Your task: After locating the line with "womens thermal tops", repeat it and every following line to the end of the listing, exactly. Omit the pictures.

Raw data:
-----
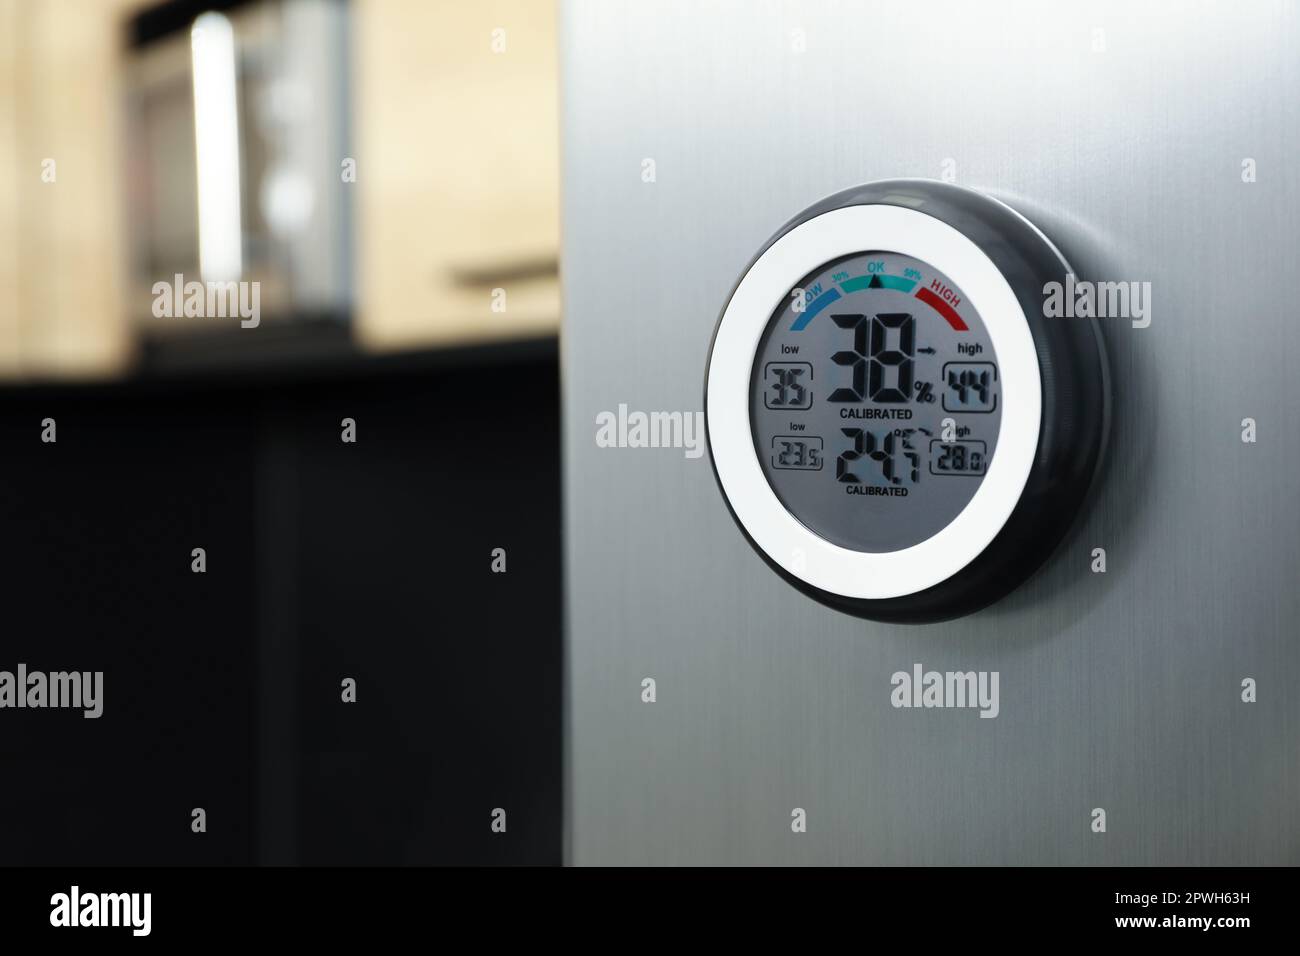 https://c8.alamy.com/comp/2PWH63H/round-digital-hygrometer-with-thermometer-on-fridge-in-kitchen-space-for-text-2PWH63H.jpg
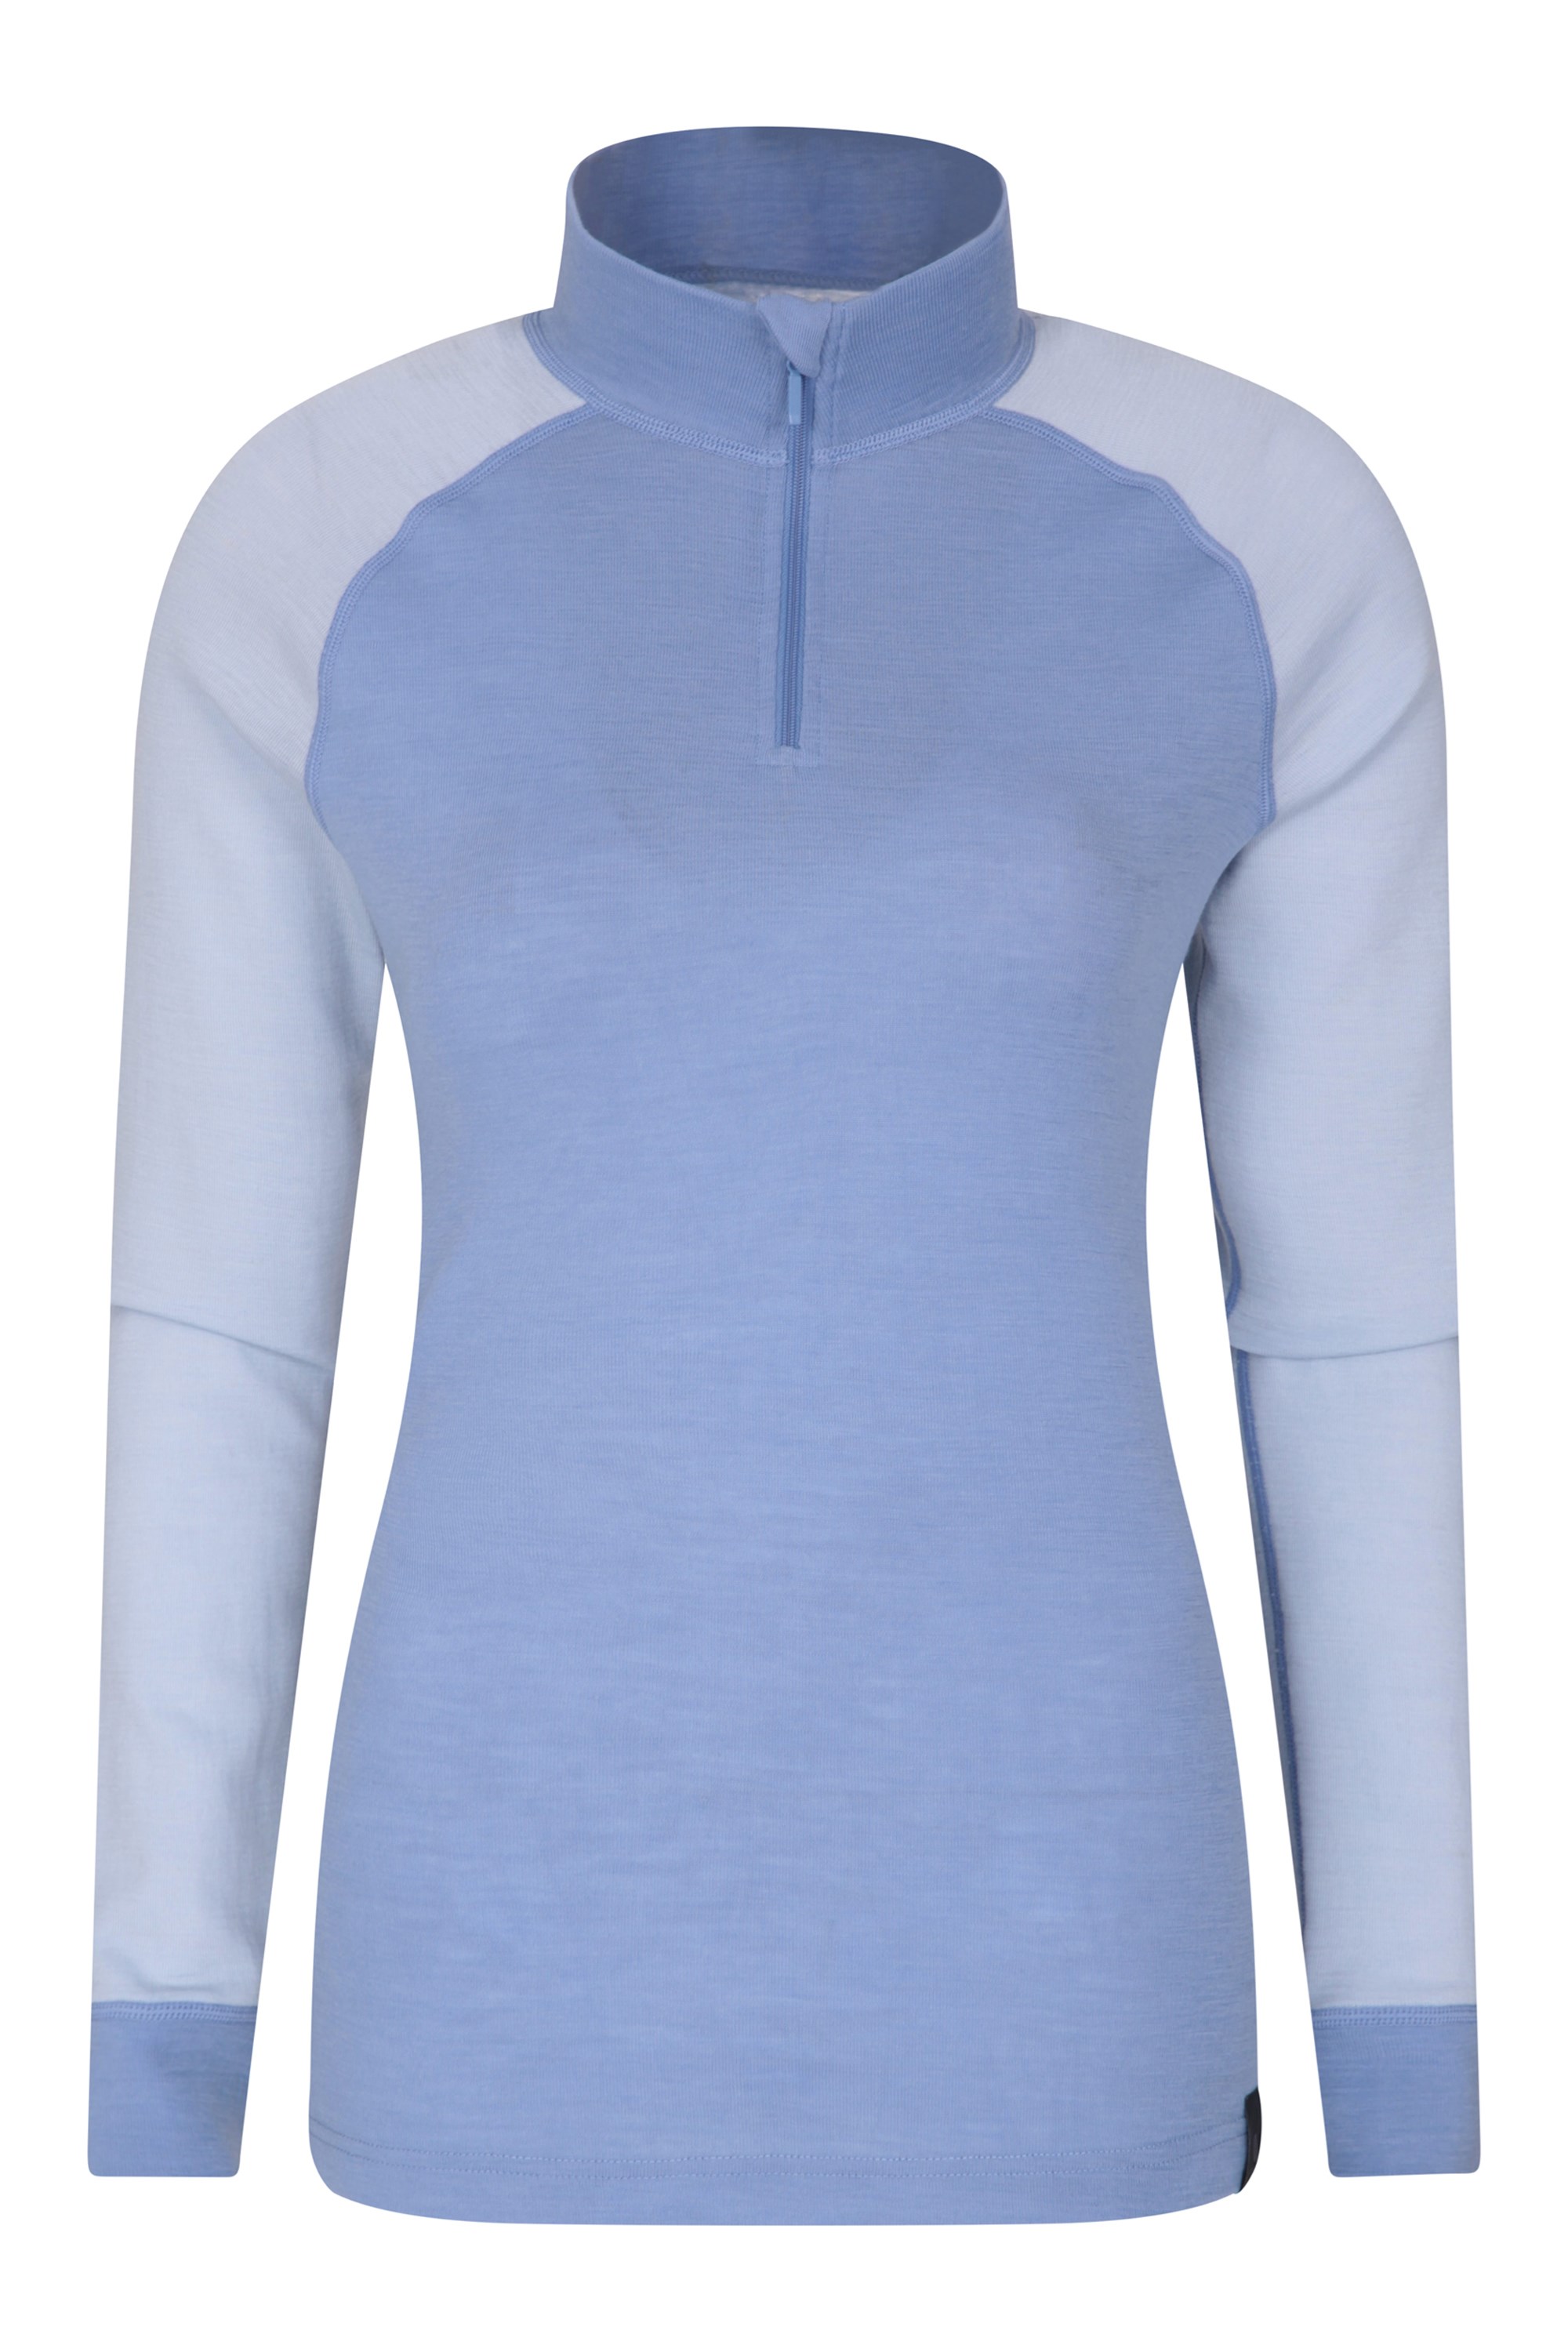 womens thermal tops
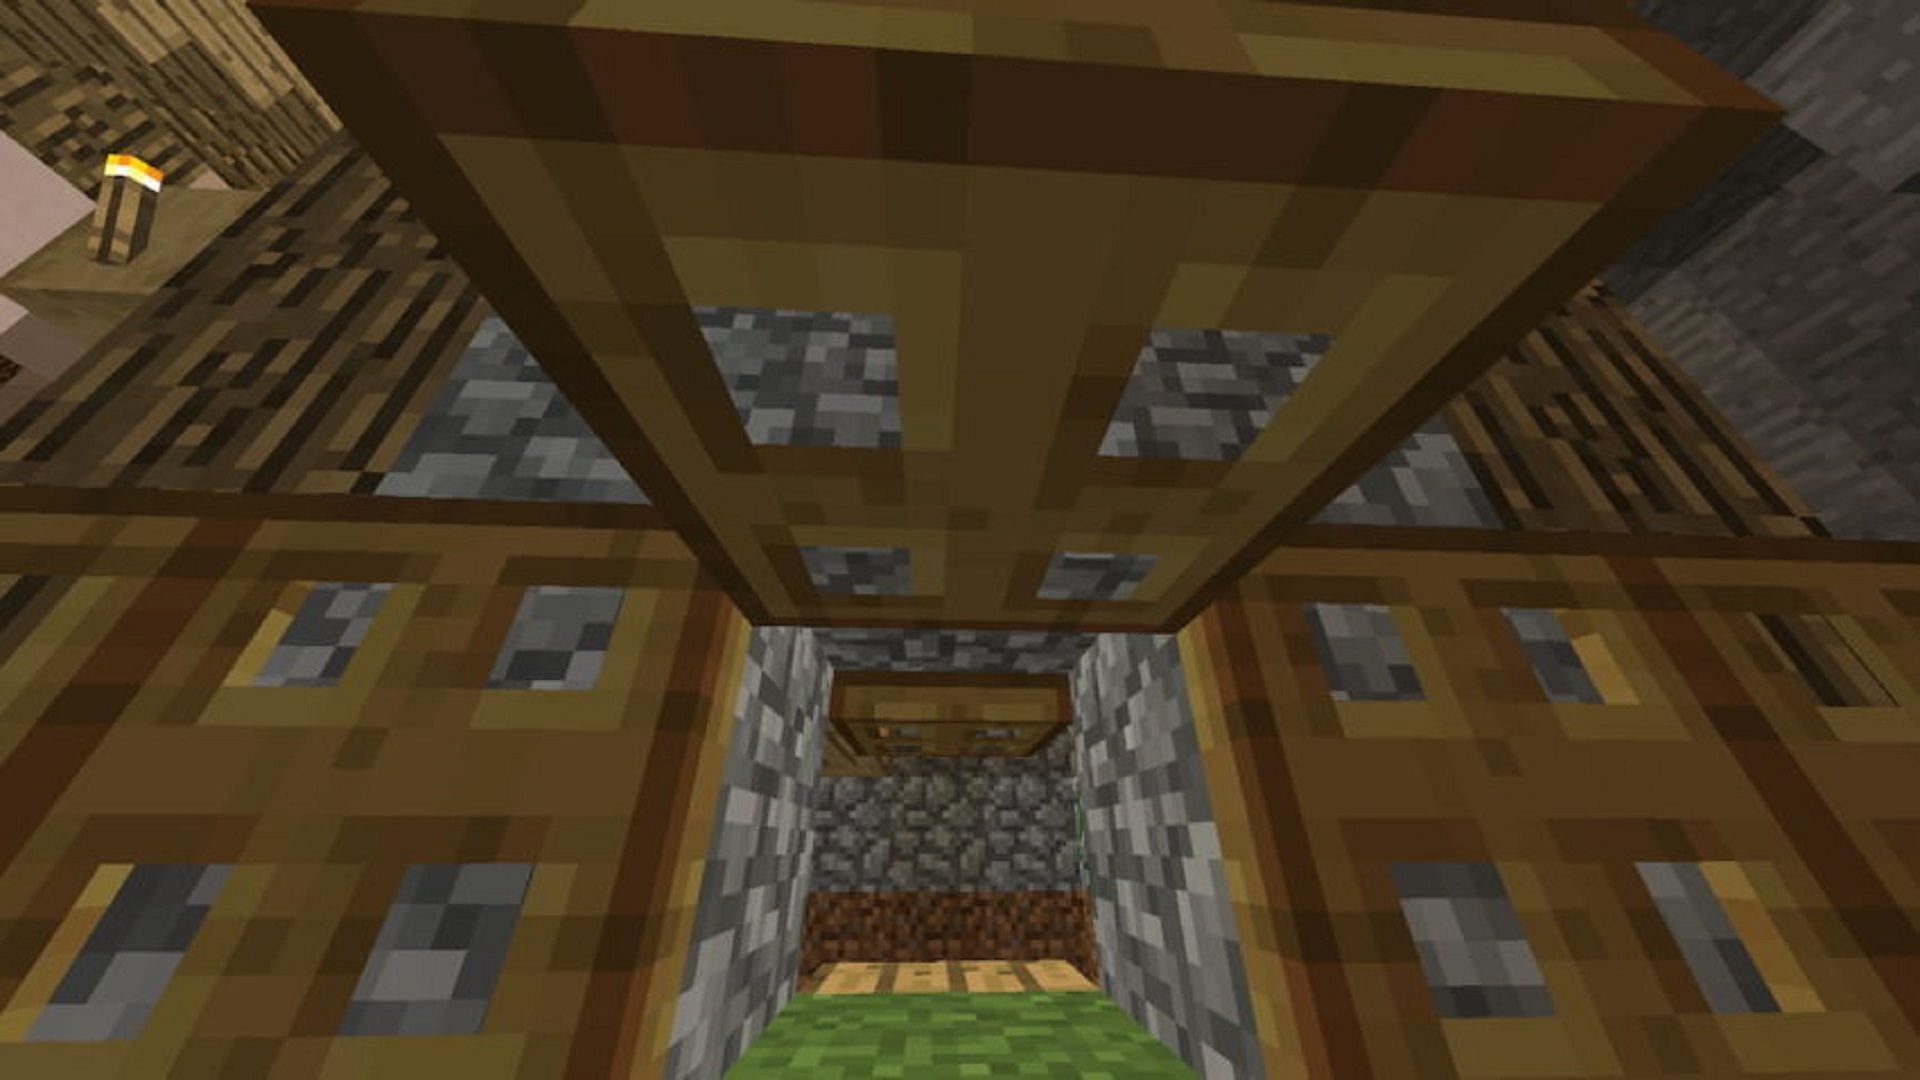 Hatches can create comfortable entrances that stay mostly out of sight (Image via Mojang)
-----
Worked solution:
 womens thermal tops
 Hatches can create comfortable entrances that stay mostly out of sight (Image via Mojang)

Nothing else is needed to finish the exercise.